Williams A O, Knapton A D
Laboratory of Experimental Pathology, Division of Cancer Etiology, National Cancer Institute, National Institutes of Health, Bethesda, MD 20892, USA.
Hepatology. 1996 May;23(5):1268-75. doi: 10.1002/hep.510230548.
Hepatic silicosis, cirrhosis, liver cell adenoma, and carcinomas developed in nude mice (NCr-Nu) given quartz by the subcutaneous and intraperitoneal routes. Syrian golden hamsters (15:16 EHS:cr) given quartz by both routes developed extensive fibrosis and cirrhosis and had higher morbidity and mortality rates after 3 months. Crystalline silica (quartz) induces fibrosis, adenomas, and carcinomas in the lungs of Fisher 344 rats, but certain strains of mice and hamsters are resistant to quartz-induced pulmonary carcinogenesis. Pulmonary fibrosis, however, is minimal in mice and absent in hamsters who received quartz intratracheally. To determine whether species differences are due to organ-specific rather than species-specific factors, susceptibility of the liver to quartz toxicity was investigated in nude mice and hamsters. The present study shows that the differential manifestations of quartz toxicity by these rodent species are dependent on factors that are organ-specific rather than host-specific. At 3 months, hepatocytes in mice were immunostained with intracellular transforming growth factor (TGF) beta 1 (LC 1-30) but not with TGF-beta 1 latency-associated peptide (LAP) protein (266-278); at 12 months, hepatocytes were immunostained with TGF-beta 1 LAP (266-278) but not with TGF-beta 1 (LC1-30). The hepatocytes of hamsters at 3 months showed immunoreactivities to TGF-beta 1 LAP (266-278) and TGF-beta 1 (LC1-30); immunostaining to TGF-beta 1 (LC1-30) was detected in nonparenchymal cells. Extracellular TGF-beta 1 (CC1-30) was detected in the silicotic granulomas and fibrous tissue in livers of both species. Quartz-induced liver carcinoma did not express TGF-beta 1 LAP (266-278) and LC (1-30) proteins, but these were detected in the cells of the adenoma in the same liver. Control animals showed no hepatic lesions nor immunoreactivity to TGF-beta 1. The spatial and temporal patterns of expression of TGF-beta 1, TGF-beta 2, TGF-beta receptor type II messenger RNAs (mRNAs), and TGF-beta 1 proteins in the different hepatic lesions suggests that TGF-beta isoforms may play a role in the pathogenesis of quartz-induced fibrosis, cirrhosis, liver cell adenoma, and carcinoma.

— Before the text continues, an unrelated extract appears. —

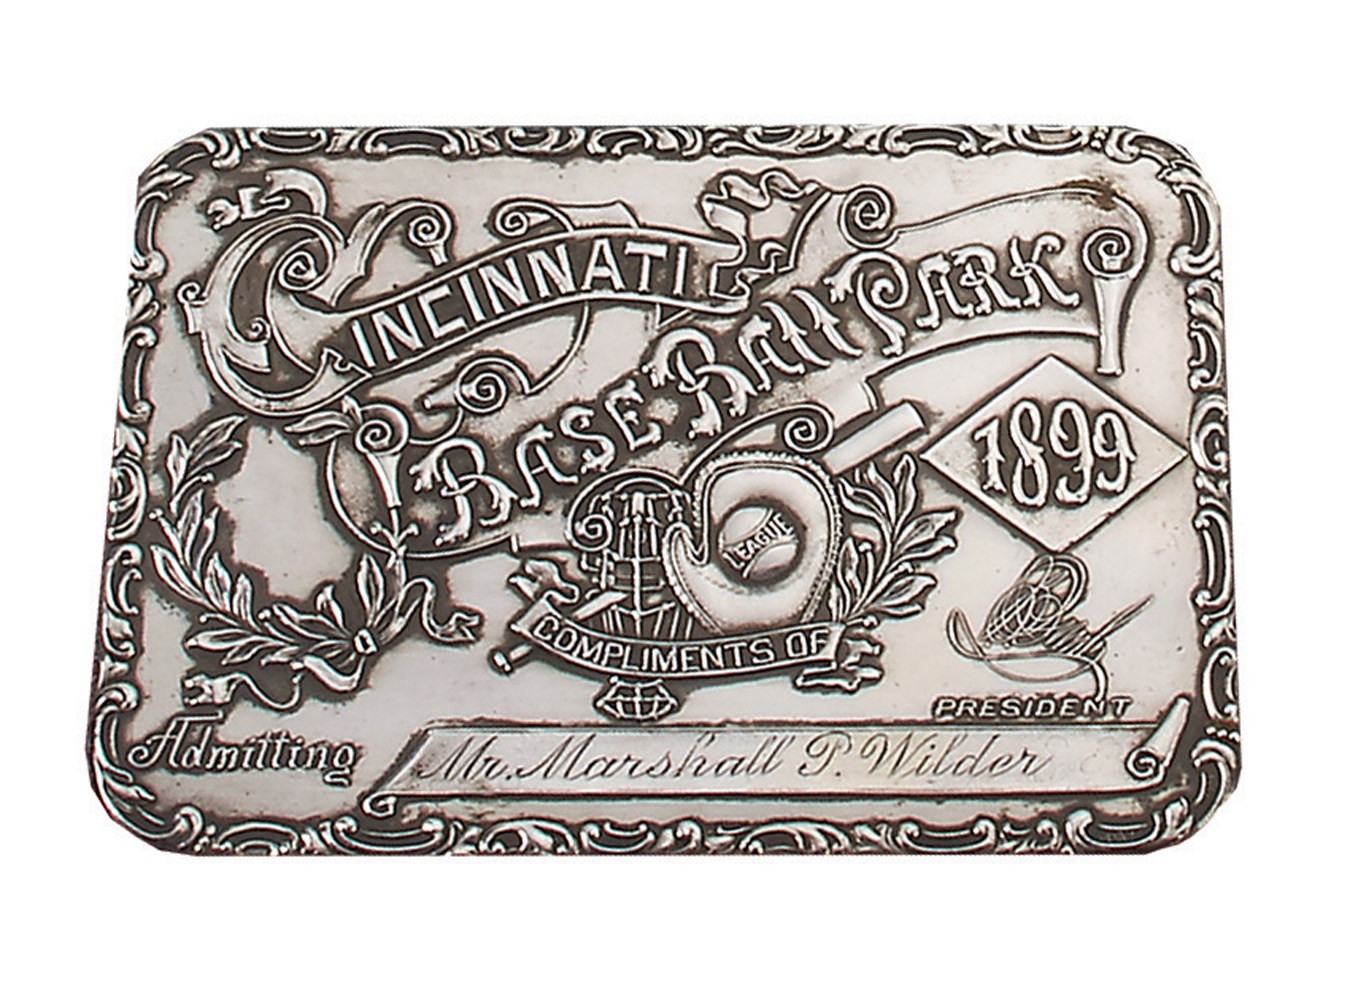 Early Baseball - 1899 Cincinnati Reds League Park Sterling Silver Season Pass – Presented to Groundbreaking Disabled Entertainer
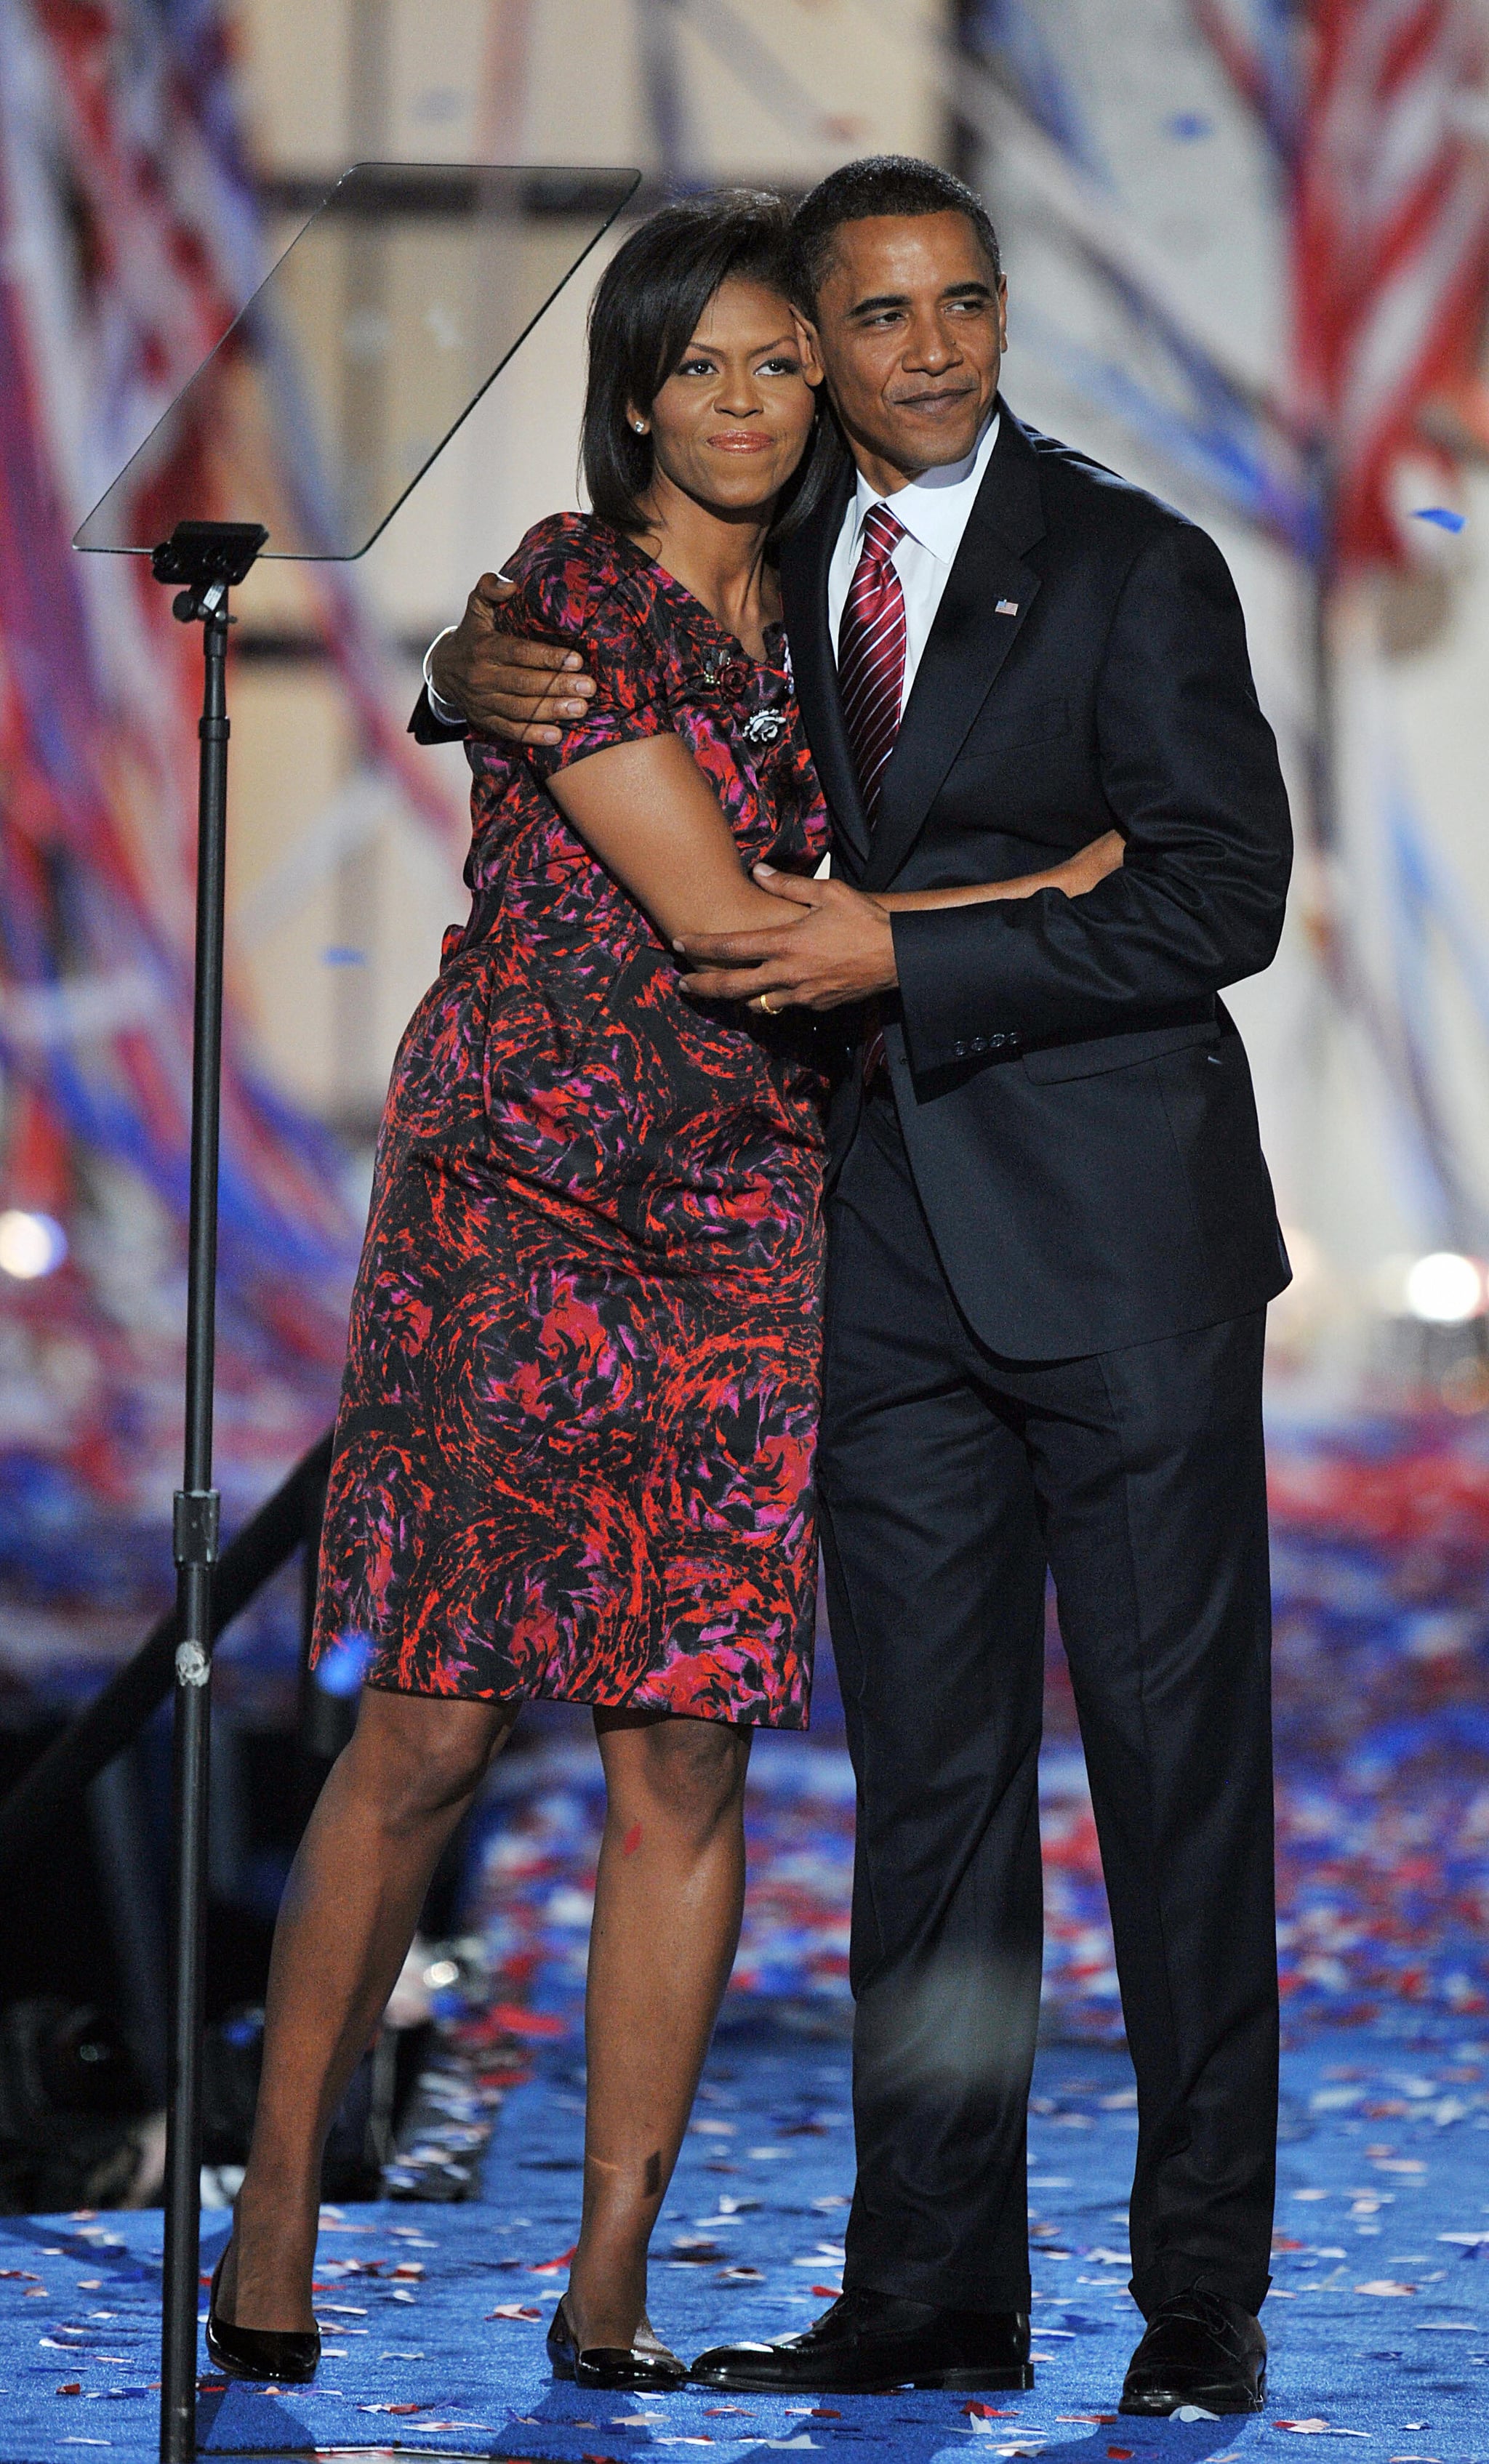 Democratic Presidential candidate Barack Obama hugs his wife Michelle on stage at the end of the Democratic National Convention 2008 at the Invesco Field in Denver, Colorado, on August 28, 2008. The Illinois senator tonight formally accepted his nomination as the first African-American from a major party to run for the White House before more than70,000 people. . AFP PHOTO Paul J. RICHARDS (Photo credit should read PAUL J. RICHARDS/AFP via Getty Images)

通过皮下和腹腔内途径给裸鼠(NCr-Nu)注射石英后,其出现了肝硅沉着病、肝硬化、肝细胞腺瘤和癌。通过这两种途径给叙利亚金黄地鼠(15:16 EHS:cr)注射石英后,其出现了广泛的纤维化和肝硬化,且3个月后的发病率和死亡率更高。结晶二氧化硅(石英)可在Fischer 344大鼠的肺部诱发纤维化、腺瘤和癌,但某些品系的小鼠和地鼠对石英诱发的肺癌具有抗性。然而,经气管内注射石英的小鼠肺部纤维化程度较轻,地鼠则无纤维化。为了确定物种差异是由于器官特异性因素而非物种特异性因素导致的,研究了裸鼠和地鼠肝脏对石英毒性的易感性。本研究表明,这些啮齿动物物种对石英毒性的不同表现取决于器官特异性因素而非宿主特异性因素。3个月时,小鼠肝细胞经细胞内转化生长因子(TGF)β1(LC 1-30)免疫染色,但未被TGF-β1潜伏相关肽(LAP)蛋白(266-278)免疫染色;12个月时,肝细胞经TGF-β1 LAP(266-278)免疫染色,但未被TGF-β1(LC1-30)免疫染色。3个月时地鼠的肝细胞对TGF-β1 LAP(266-278)和TGF-β1(LC1-30)均有免疫反应性;在非实质细胞中检测到了对TGF-β1(LC1-30)的免疫染色。在两种物种肝脏的硅沉着性肉芽肿和纤维组织中均检测到了细胞外TGF-β1(CC1-30)。石英诱发的肝癌未表达TGF-β1 LAP(266-278)和LC(1-30)蛋白,但在同一肝脏腺瘤的细胞中检测到了这些蛋白。对照动物未出现肝脏病变,对TGF-β1也无免疫反应性。不同肝脏病变中TGF-β1、TGF-β2、II型TGF-β受体信使核糖核酸(mRNA)和TGF-β1蛋白的时空表达模式表明,TGF-β亚型可能在石英诱发的纤维化、肝硬化、肝细胞腺瘤和癌的发病机制中起作用。